His fat ass coughed because he held it in like a newbie(or a faggot only taking 1 hit and trying to maximize that hit) <- this is why he coughed. The end.


----------



## Timon912 (Dec 18, 2020)

Section 230 said:


> "I literally have a DVD on my neighborhood, a documentary all about the meth heads here. That's how much meth smoking I've seen" So have the police, and they literally have no idea what is what when it comes from drugs.  "Is that meth?" (its marijuana) If you haven't done it, don't talk about it. Makes you look like a faggot.

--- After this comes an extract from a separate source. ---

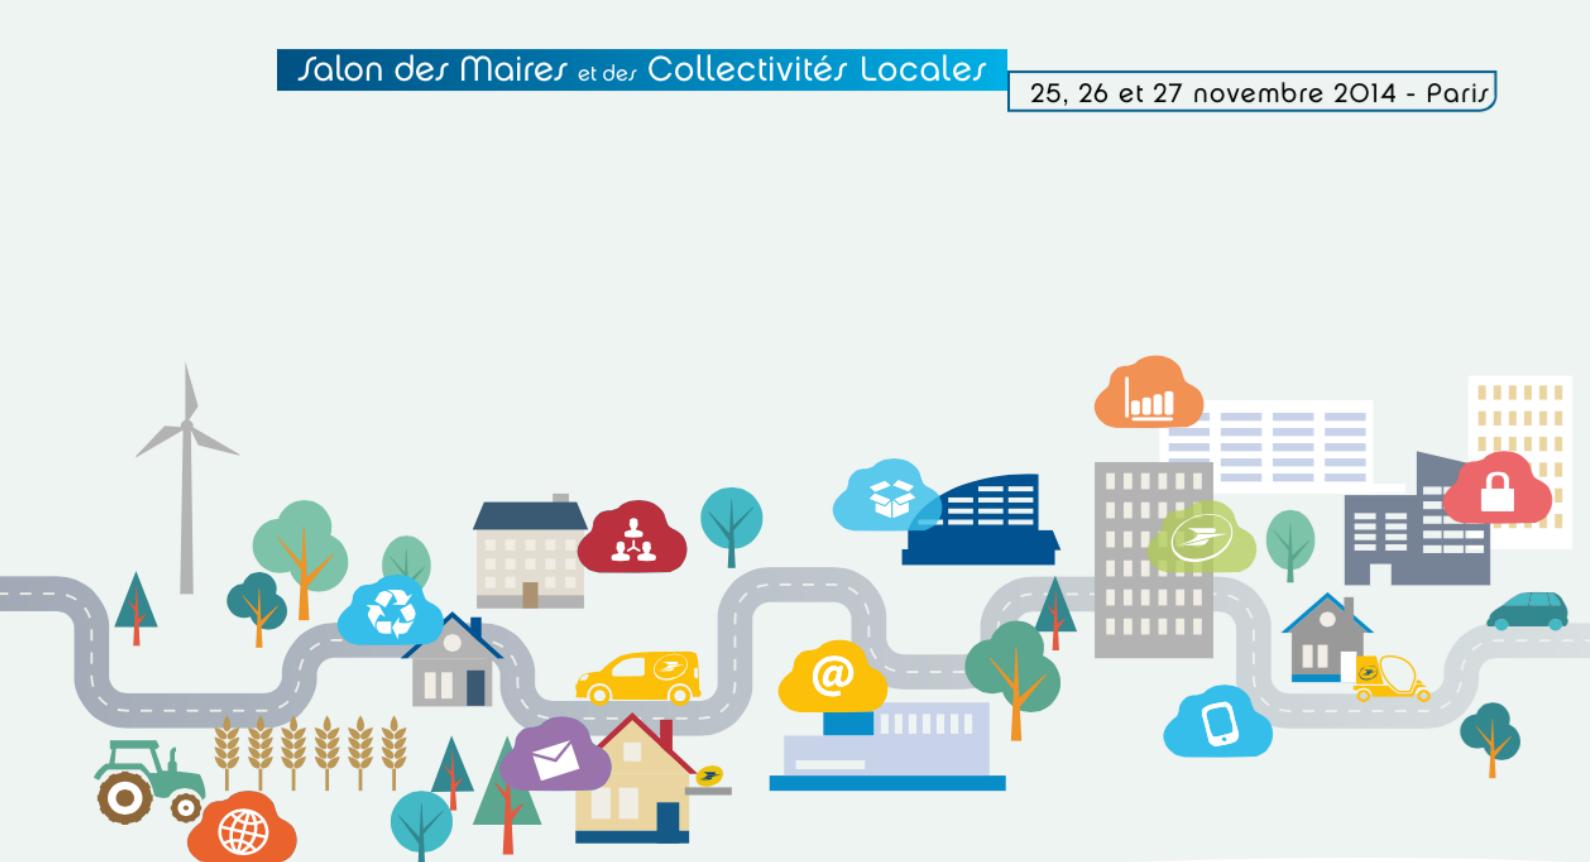 Confiance num rique et r invention du service public - Salon des maires et des collectivites locales ...

I sold that and weed for over a decade.  Of course I've done both.  Smoking meth is literally like inhaling fog.  It's the best analogy I can come up with.  Luckily for me, I'm not that prone to addiction so I'm fine.  But, I saw it take many people down--death, jail, homelessness, mental ward, etc.  It's not what they were smoking.  Period.  I don't know why people are arguing about this.  It's the MOST OBVIOUS fraud/hit-piece in history made to fuck with Ralph.  The ONLY explanation I would consider would be that some were smoking meth quietly and the others were smoking weed and coughing and saying it tastes good.  OK, that could have happened.  There is 0% chance that anybody smoking a roasted bowl of meth--which tastes like smoking a car tire with battery acid on it--would say it tastes good.  They also would not cough.  If you want to make the case of a dual session with people doing both, fine, been there, seen that.  But ya, if it was a unified session then it was weed.  The end.


----------



## Section 230 (Dec 18, 2020)

Timon912 said:


> I sold that and weed for over a decade.  Of course I've done both.  Smoking meth is literally like inhaling fog.  It's the best analogy I can come up with.  Luckily for me, I'm not that prone to addiction so I'm fine.  But, I saw it take many people down--death, jail, homelessness, mental ward, etc.  It's not what they were smoking.  Period.  I don't know why people are arguing about this.  It's the MOST OBVIOUS fraud/hit-piece in history made to fuck with Ralph.  The ONLY explanation I would consider would be that some were smoking meth quietly and the others were smoking weed and coughing and saying it tastes good.  OK, that could have happened.  There is 0% chance that anybody smoking a roasted bowl of meth--which tastes like smoking a car tire with battery acid on it--would say it tastes good.  They also would not cough.  If you want to make the case of a dual session with people doing both, fine, been there, seen that.  But ya, if it was a unified session then it was weed.  The end.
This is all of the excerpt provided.